Dal diario di Philip Wade

Stamattina una ragazza mi ha interrotto, a lezione. Si è alzata in piedi catturando gli sguardi di tutti. Aveva un’espressione corrucciata sulle labbra. È una ragazza d’una bellezza strana, dai tratti irregolari, coi lineamenti più giovani della sua età ma con una disinvoltura precoce, eccessiva, sfrontata. Mi ha chiesto il perché del corso sulle rivoluzioni fallite che sto tenendo quest’anno.

Che senso ha studiare la Comune di Parigi, il Biennio rosso, la Rivoluzione spagnola, seguire le linee di ricerca di Hobsbawm sulla figura del Rivoluzionario? Lo sanno tutti in quest’aula – ha detto – che la Storia la scrivono i vincitori. E allora perché non occuparsi di loro, dei vincitori?

Ha parlato con un misto di fastidio e provocazione. L’irriverenza dei vent’anni. E quel particolare cinismo che solo i vent’anni senza utopie riescono a coltivare, quando dovresti volere tutto e invece ti accorgi troppo presto di non potere avere niente.
Ho risposto che dimostrerò, alla fine del corso, come le grandi vittorie possono rivelarsi tragiche sconfitte. E come, all’inverso, in un tempo lungo, le sconfitte più pesanti possono rivelarsi vittorie, errori che valgono da monito per non sbagliare ancora.
Adesso è sera, sono ancora all’università.
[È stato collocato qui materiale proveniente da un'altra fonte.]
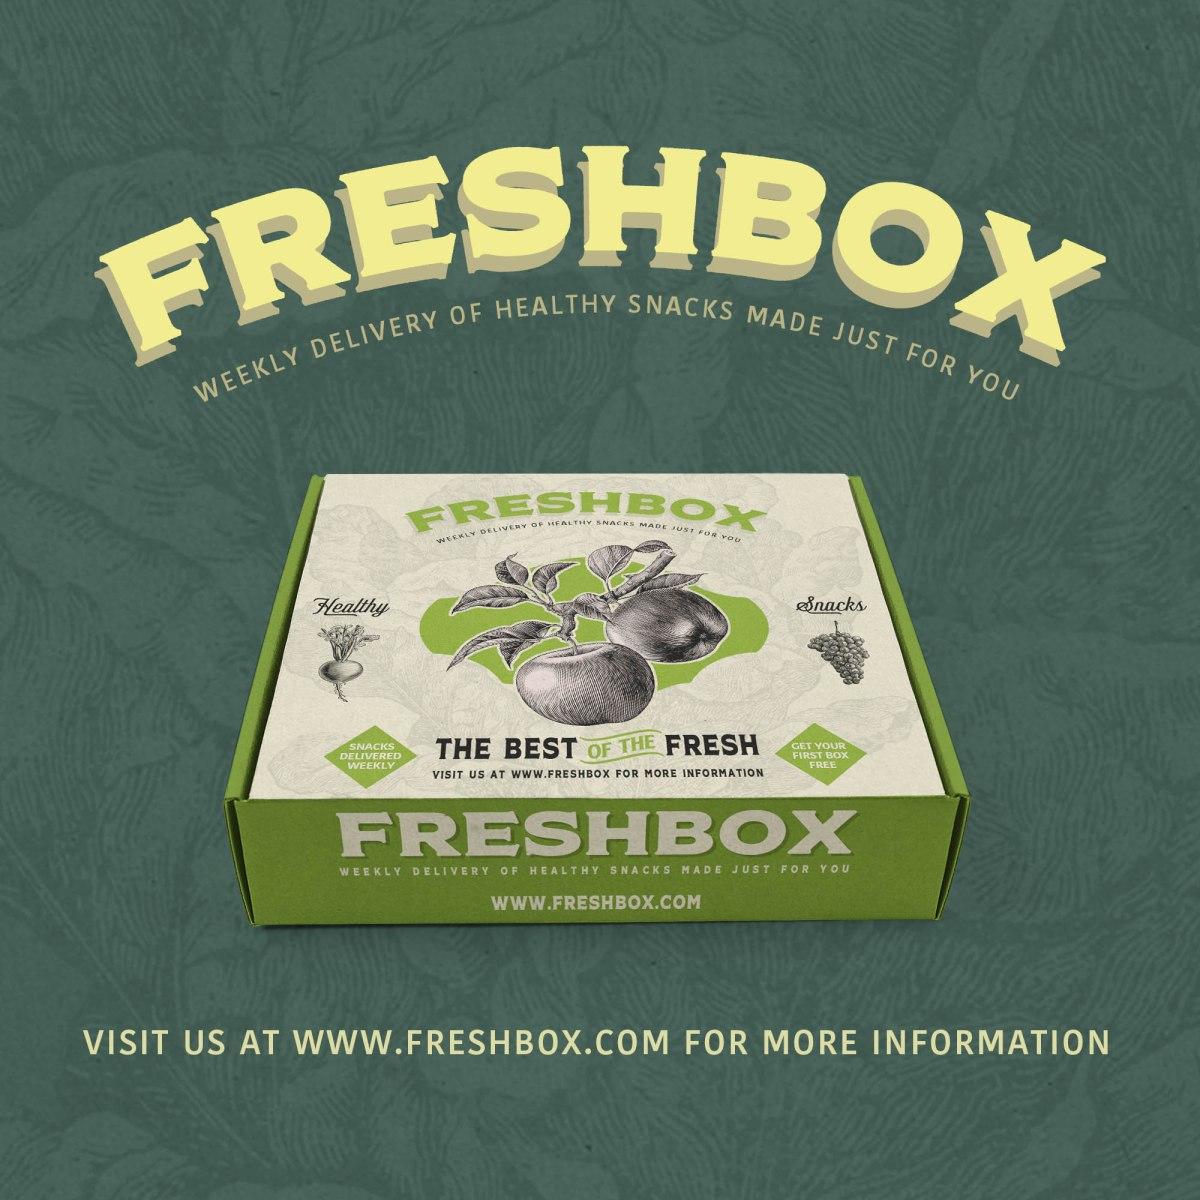 FreshBox Packaging.

Il silenzio avvolge il Birkbeck. Vado via sempre più tardi. Ogni giorno trovo un pretesto per ritardare il momento in cui mi ritrovo in una casa troppo grande, quando ogni respiro misura la profondità della solitudine.
Forse è per questo che ho cominciato a tenere un diario. Per rubare tempo.
Ogni mattina mi guardo allo specchio, ogni sera mi guardo nelle pagine bianche che si riempiono di parole. Due modi diversi per intercettare il riflesso di me. Non mi piacciono, questi riflessi. Dicono di troppi rimpianti.
Prima di cominciare a scrivere ho osservato le coste dei libri. Nomi e titoli formano un mosaico all’apparenza insensato. Carl Schmitt, Il Nomos della terra. Tariq Ali, The Extreme Centre. Philip K. Dick, Ubik. Niccolò Machiavelli, Il Principe.
Ho aperto un volume fra le decine che si accatastano su questa scrivania. Tucidide, La guerra del Peloponneso. L’ho sfogliato senza riuscire a leggere. La guerra tra Sparta e Atene è balzata fuori dalle pagine, e dalla memoria. La guerra: che non è il prolungamento della politica con altri mezzi, bensì l’essenza stessa della politica. Contraddizioni, conflitti…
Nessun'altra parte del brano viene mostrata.